Exactly how did they save it at Apple if they shipped it? And possibly sold it? Something is fishy here. If I was contacted by Apple about having purchased the billionth device I would probably hold out for a lot of money -- perhaps auction it. Of course Apple could have been sly about it and told the customer only that there was some sort of issue with it and offered an upgraded replacement which the person could have jumped on.
Every unit they produce has a serial number so they don't have to ship it and then get it back as an afterthought. The wording is just mixed up because he's trying to say two things in the same sentence - they have produced 1 billion iPhones and they kept the 1 billionth unit and they have also received orders totalling over 1 billion orders.
Their suppliers have as many as 500,000 employees and it's not that they necessarily assemble full iPhones in an hour. A single iPhone could take 8 hours to put together but if they have 500,000 people working for 8 hours, they can put together that many.
At least we know they haven't hit a supply chain limit yet.
It's possible they've even outsold Samsung in unit volume. Samsung is projecting 34% profit drop and they sell between 60-85 million units in a quarter. They report their earnings for the last quarter tomorrow but they call it Q4 2014, which matches to Apple's Q1 2015. Last year, Apple's Q1 2014 was 51m iPhones and Samsung's Q4 2013 was 82m. Apple is now at 74m and Samsung is projecting a huge profit drop but not entirely due to smartphones.
For Apple to ship more units than (or even just coming close to) Samsung at a higher price point shows that the subsidies help counter the product being more expensive. Apple must be getting close to the full handset prices from carriers to make $74.6b who then sell the devices on contracts and recoup that plus additional profit over the contract period. iPads and Macs aren't subsidised by carriers so they don't benefit from this.
"On Nov. 22, we shipped our one billionth iOS device," Cook said. "It was a space-gray 64GB iPhone 6 Plus, which we've saved here at Apple."
Exactly how did they save it at Apple if they shipped it? And possibly sold it? Something is fishy here.
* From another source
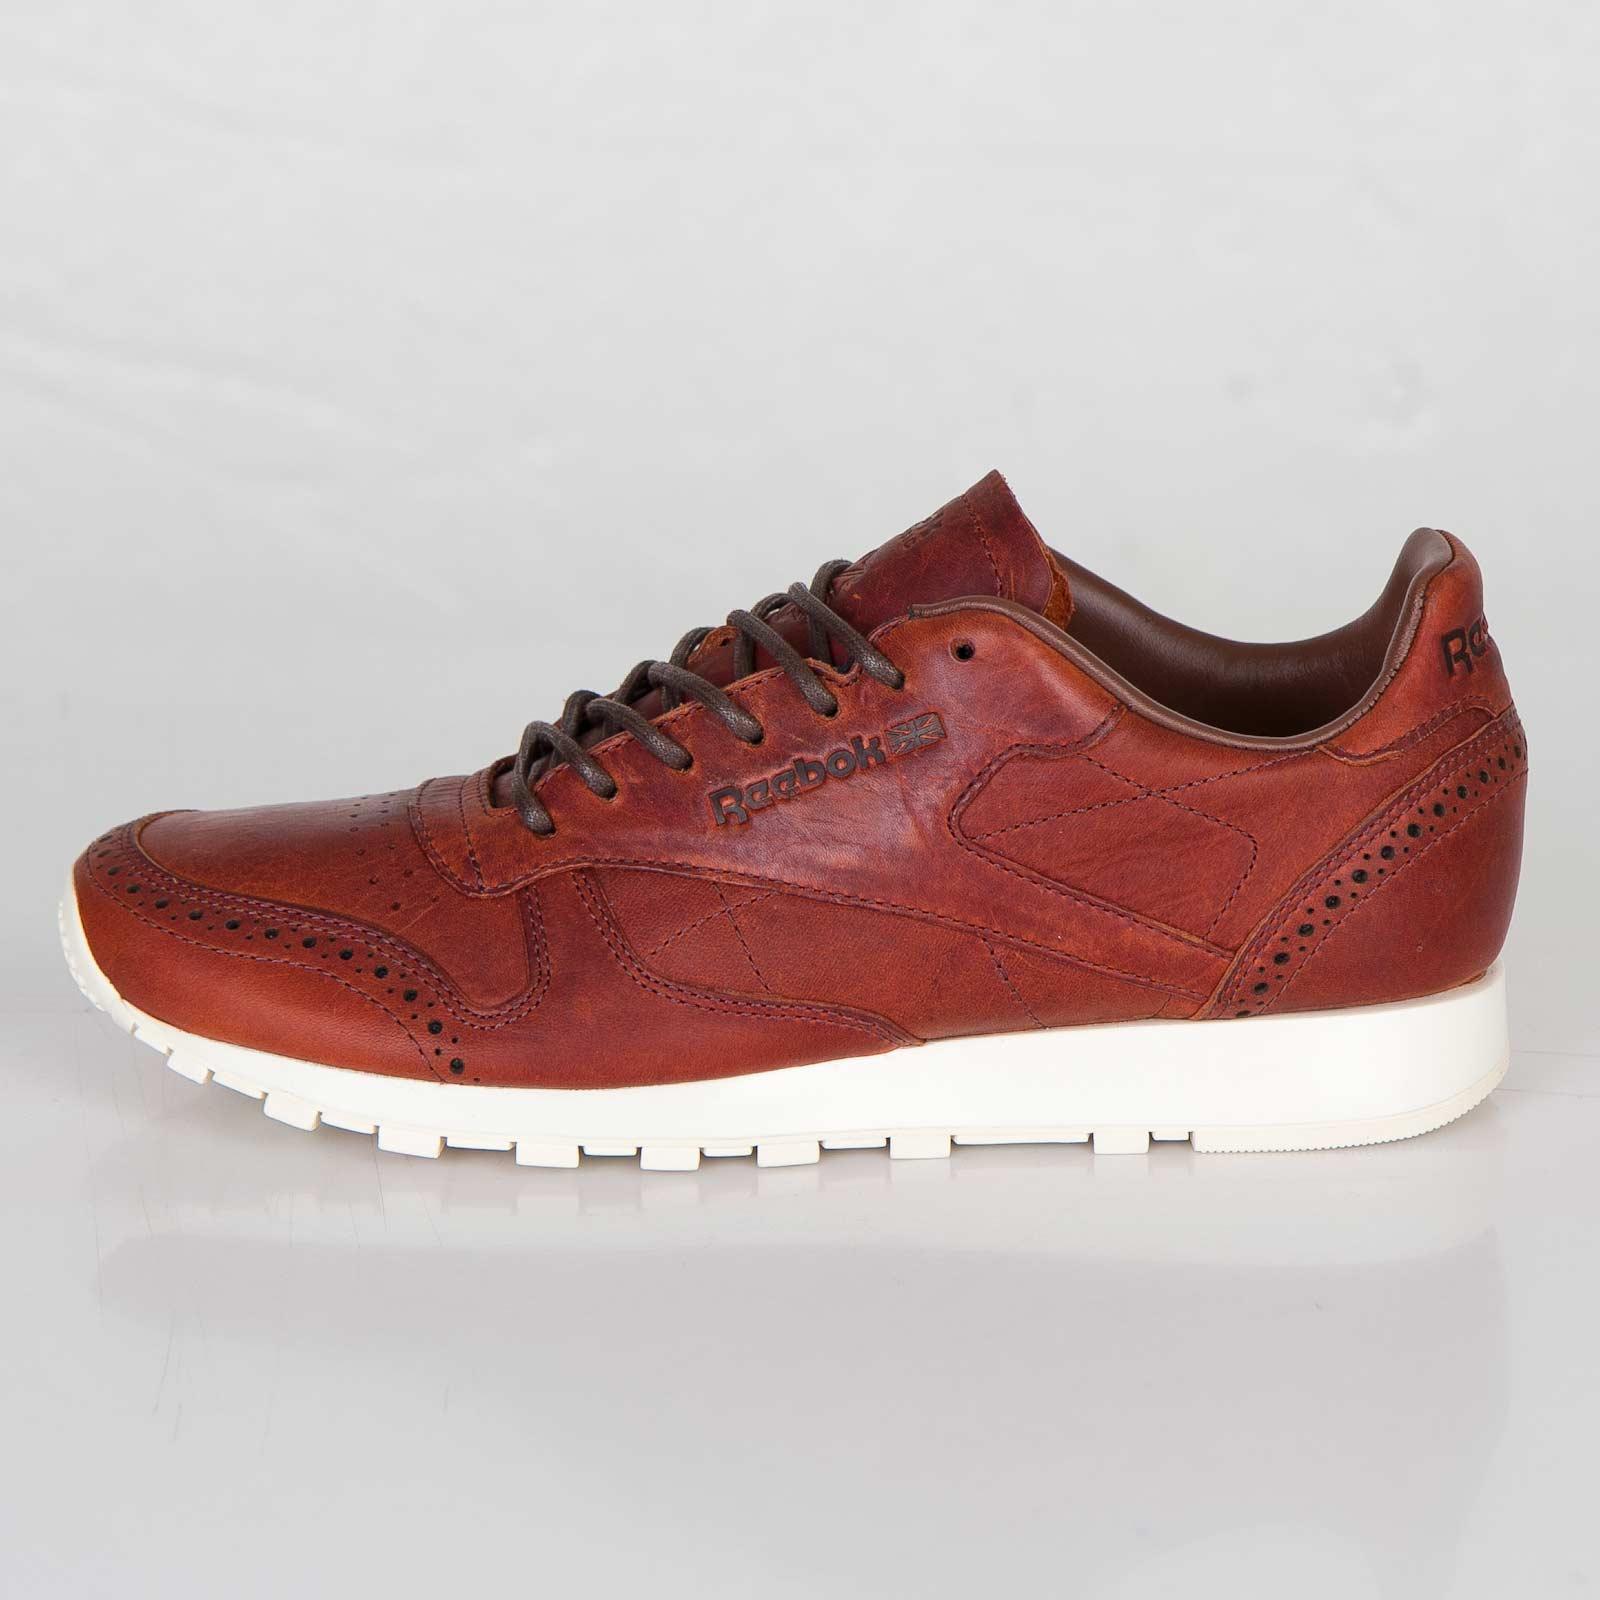 Reebok Classic Cf Sneakersnstuff Lux Leather V55142 Stead rnr6xfq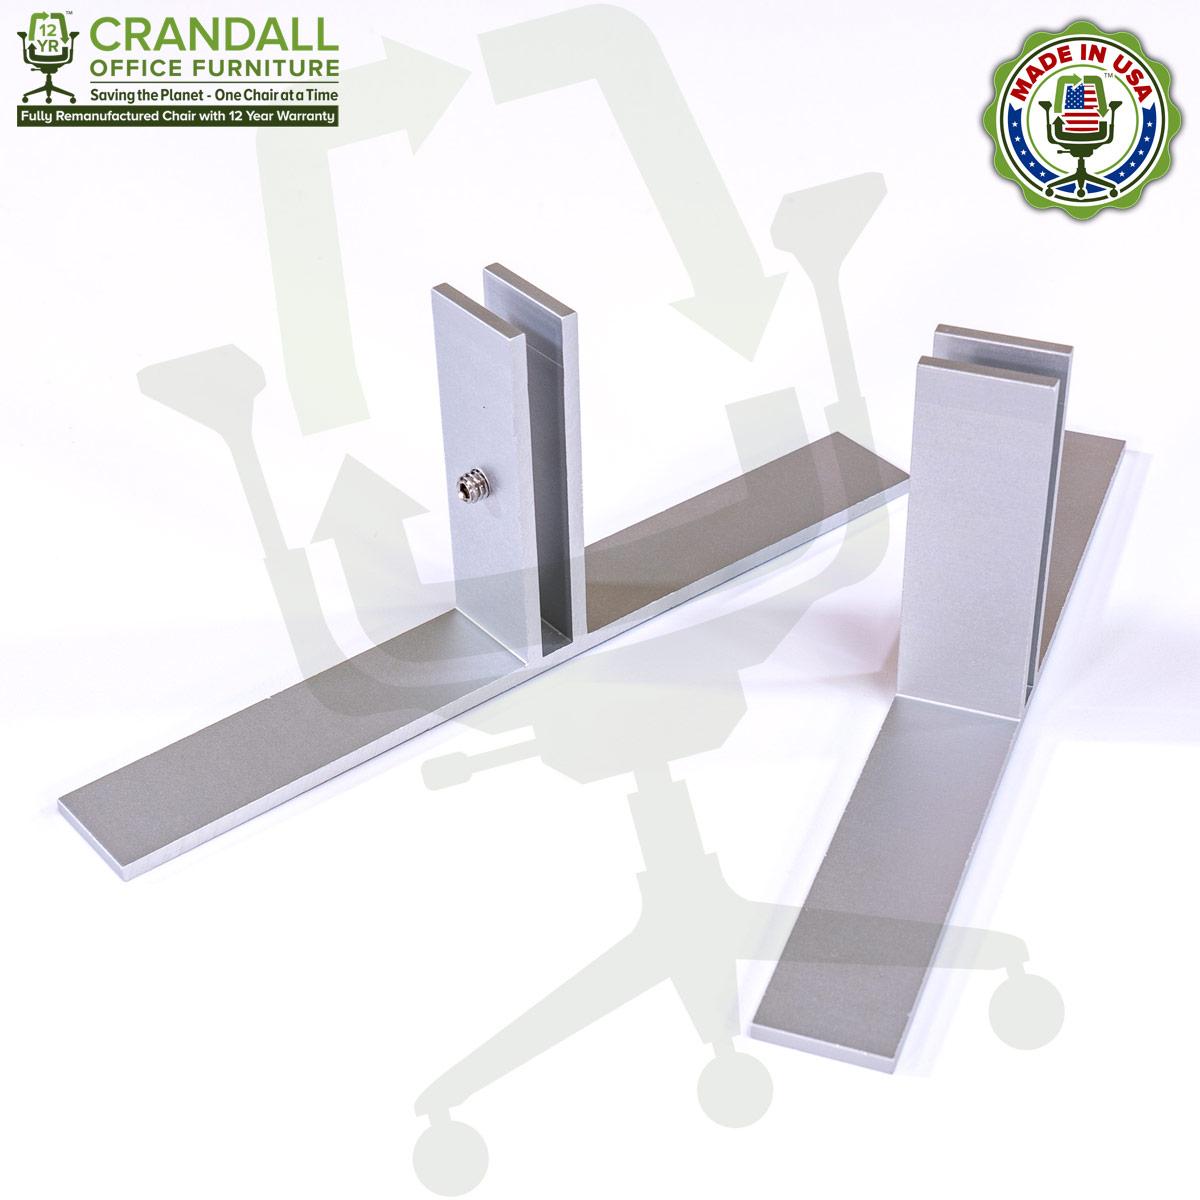 Table Top Free Standing Plexiglass & Acrylic Barrier Brackets 0001

If I was contacted by Apple about having purchased the billionth device I would probably hold out for a lot of money -- perhaps auction it. Of course Apple could have been sly about it and told the customer only that there was some sort of issue with it and offered an upgraded replacement which the person could have jumped on.
One easy solution is they shipped it to an Apple Store and corporate Apple just bought it back.
"On Nov. 22, we shipped our one billionth iOS device," Cook said. "It was a space-gray 64GB iPhone 6 Plus, which we've saved here at Apple."
Exactly how did they save it at Apple if they shipped it? And possibly sold it? Something is fishy here. If I was contacted by Apple about having purchased the billionth device I would probably hold out for a lot of money -- perhaps auction it. Of course Apple could have been sly about it and told the customer only that there was some sort of issue with it and offered an upgraded replacement which the person could have jumped on.
Shipped doesn't mean sold. They could have pre-empted the paying customer in the queue and written it out as an internal engineering or PR sample unit.
Of course, they can't record any revenue from the transaction but it's still the billionth iOS device shipped, even if it ends up on Phil Schiller's desk instead of some consumer's doorstop in Guangzhou, Paris, or El Paso.
Remember, Apple has oversight into their supply chain. They can say that the billionth device checked into Apple inventory (from their manufacturing partners) is automatically a house sample. It's not like Apple assigns a specific MAC address to a consumer upon online ordering. You get what they send to you (the model with the right specifications matching your order), not a specific device. It could have been built five weeks ago or five days ago.